• **Problem to work on**
Make an exact copy of the listing below. Pictures stay out of it.
Start of Input data
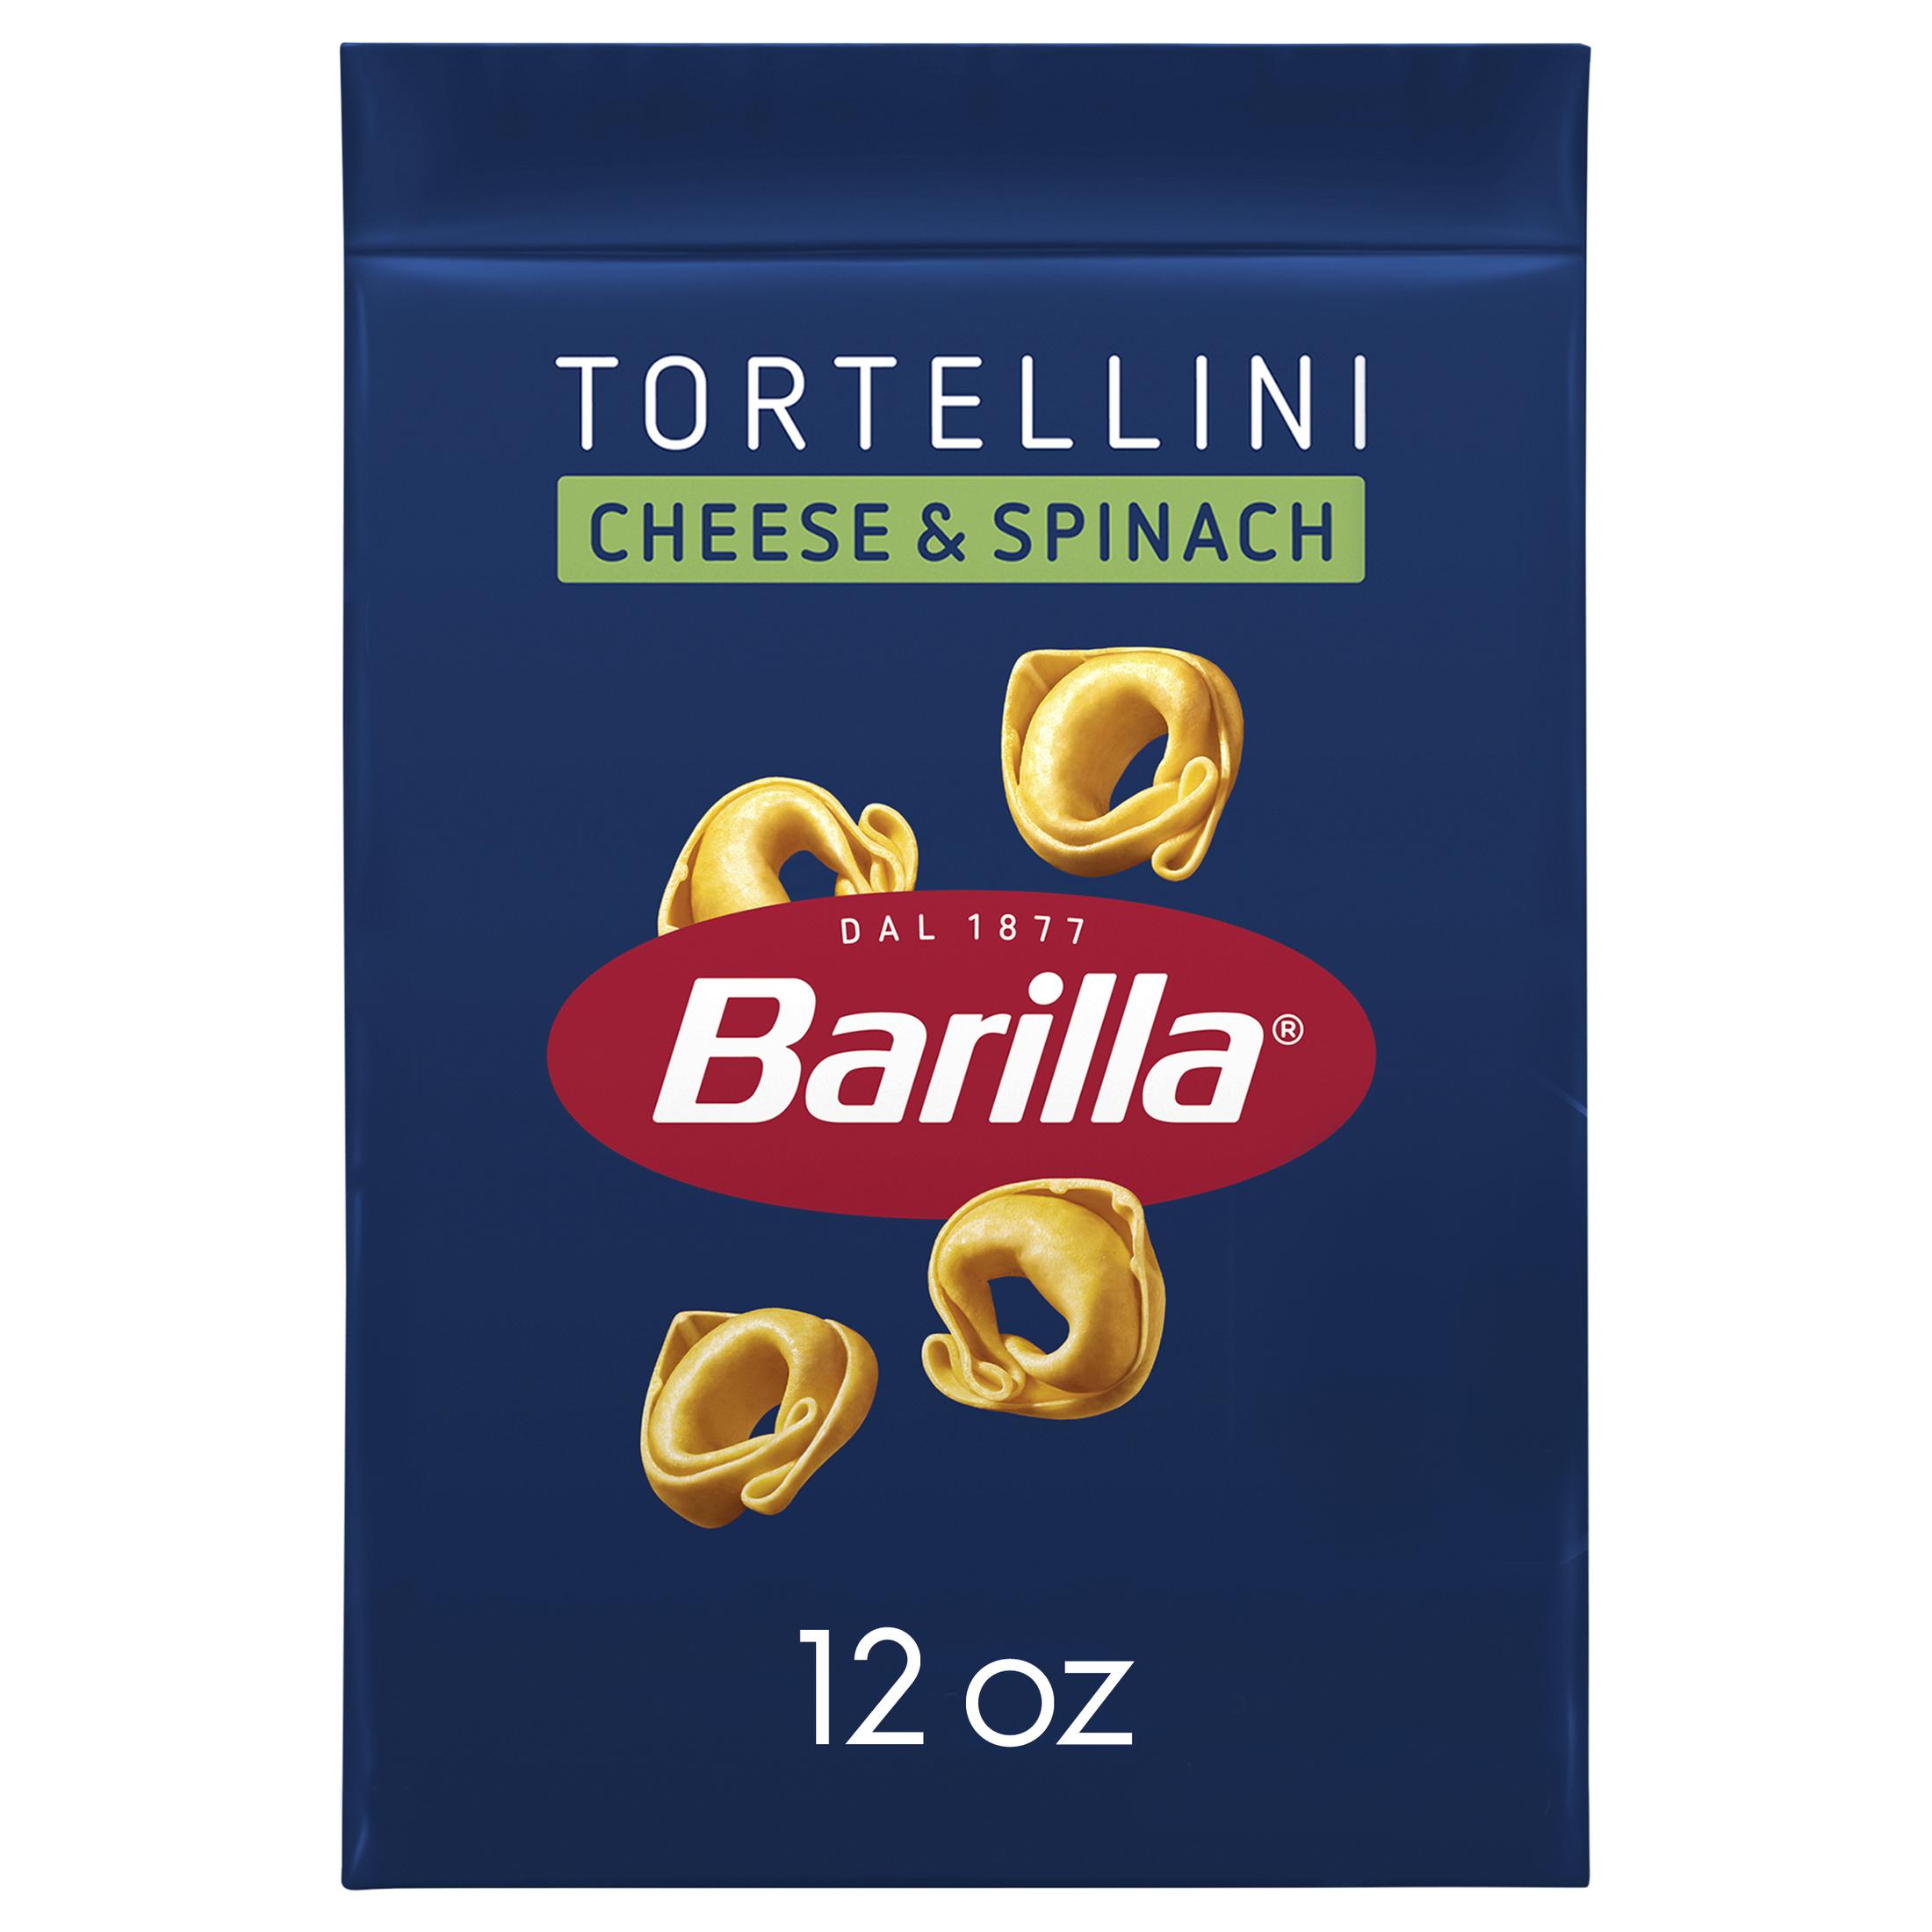 Barilla Classic Non-GMO, Filled Cheese and Spinach Tortellini Pasta, 12 oz - image 1 of 8
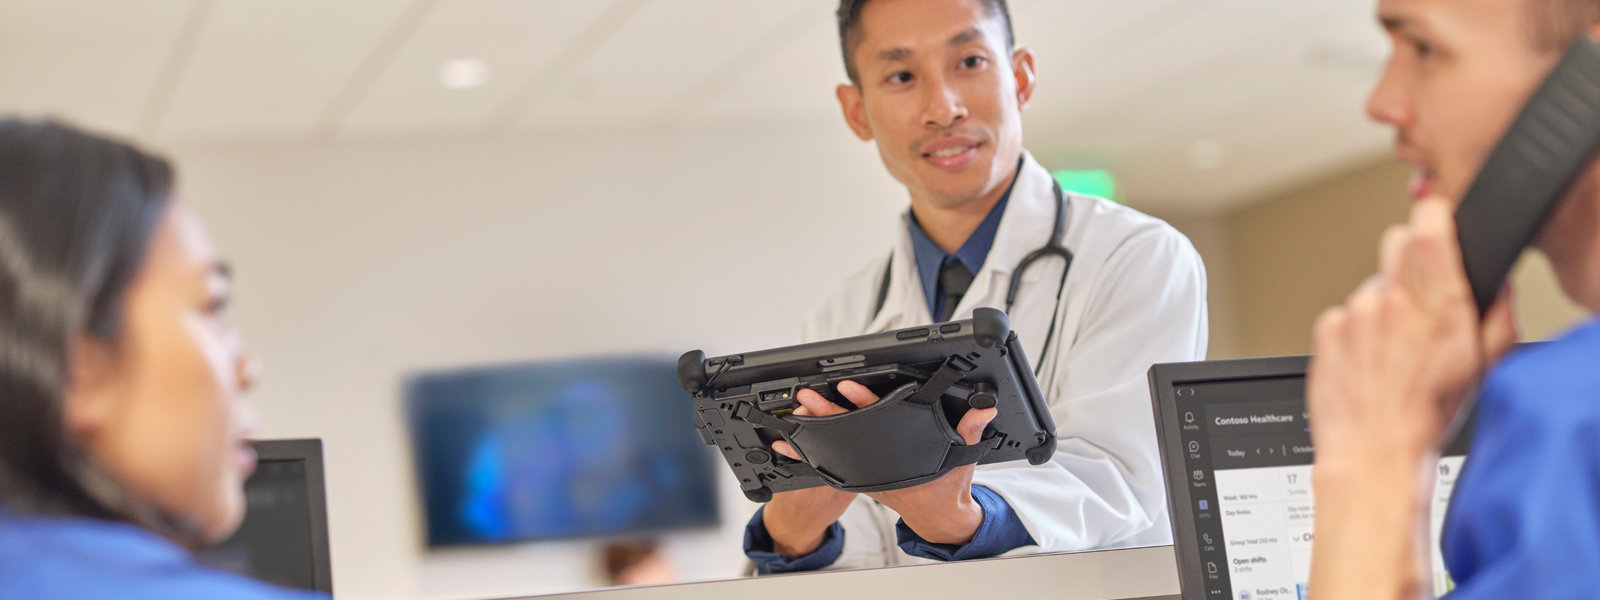 แพทย์ถือ Surface Pro ขณะพูดคุยกับพยาบาลสองคน
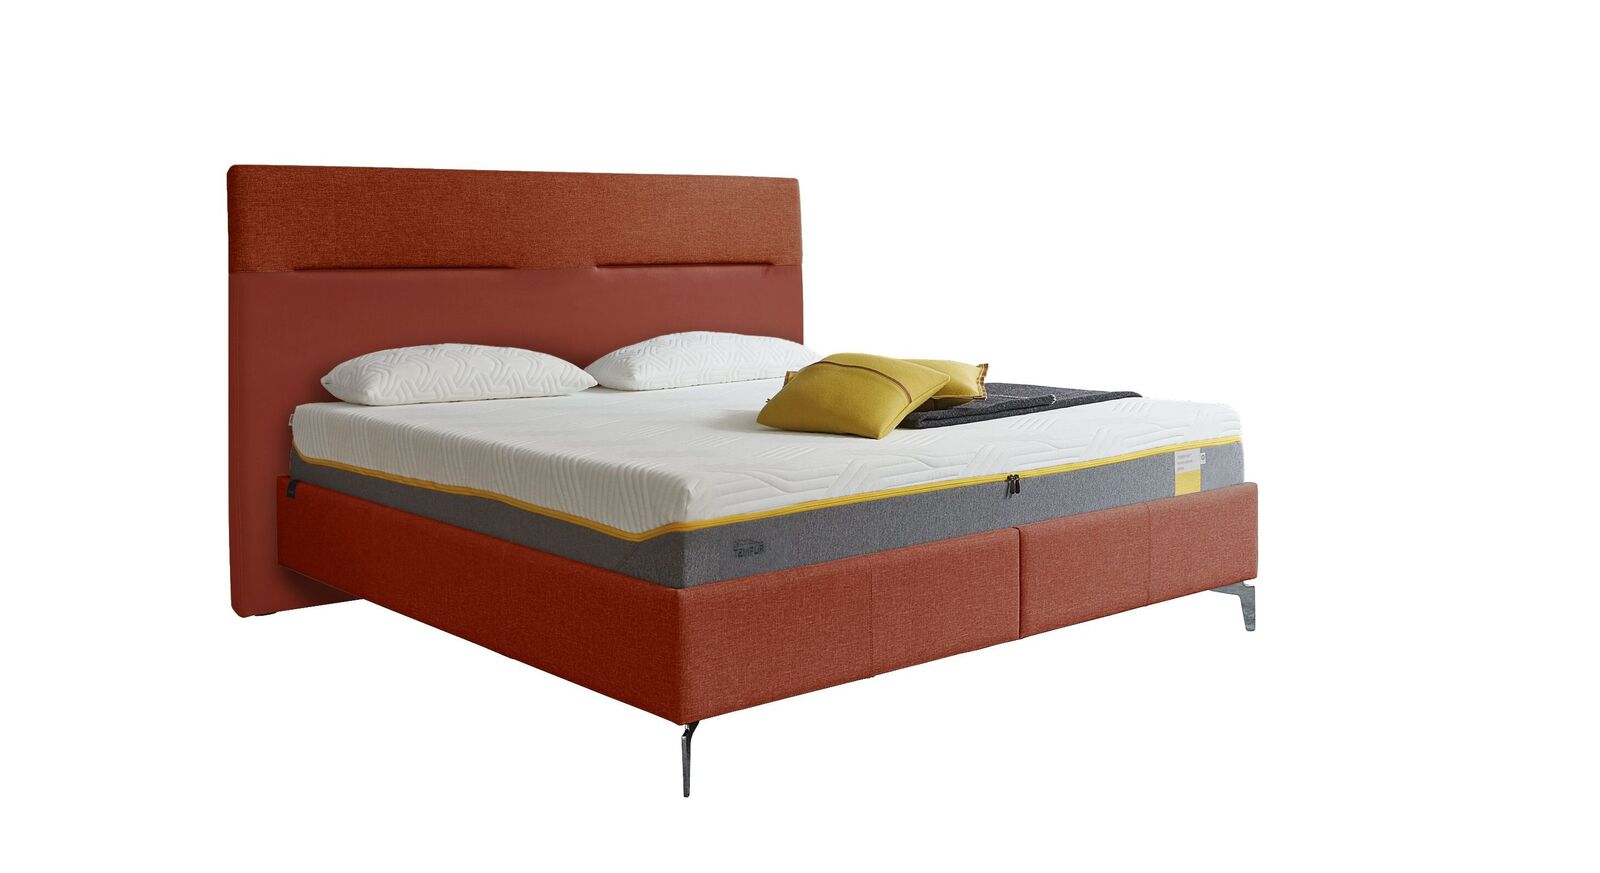 TEMPUR Bett Relax Texture mit Bezug in Webstoff und Kunstleder in Orange
End of Input data
• **Exercise solution**
 Barilla Classic Non-GMO, Filled Cheese and Spinach Tortellini Pasta, 12 oz - image 1 of 8
 แพทย์ถือ Surface Pro ขณะพูดคุยกับพยาบาลสองคน
 TEMPUR Bett Relax Texture mit Bezug in Webstoff und Kunstleder in Orange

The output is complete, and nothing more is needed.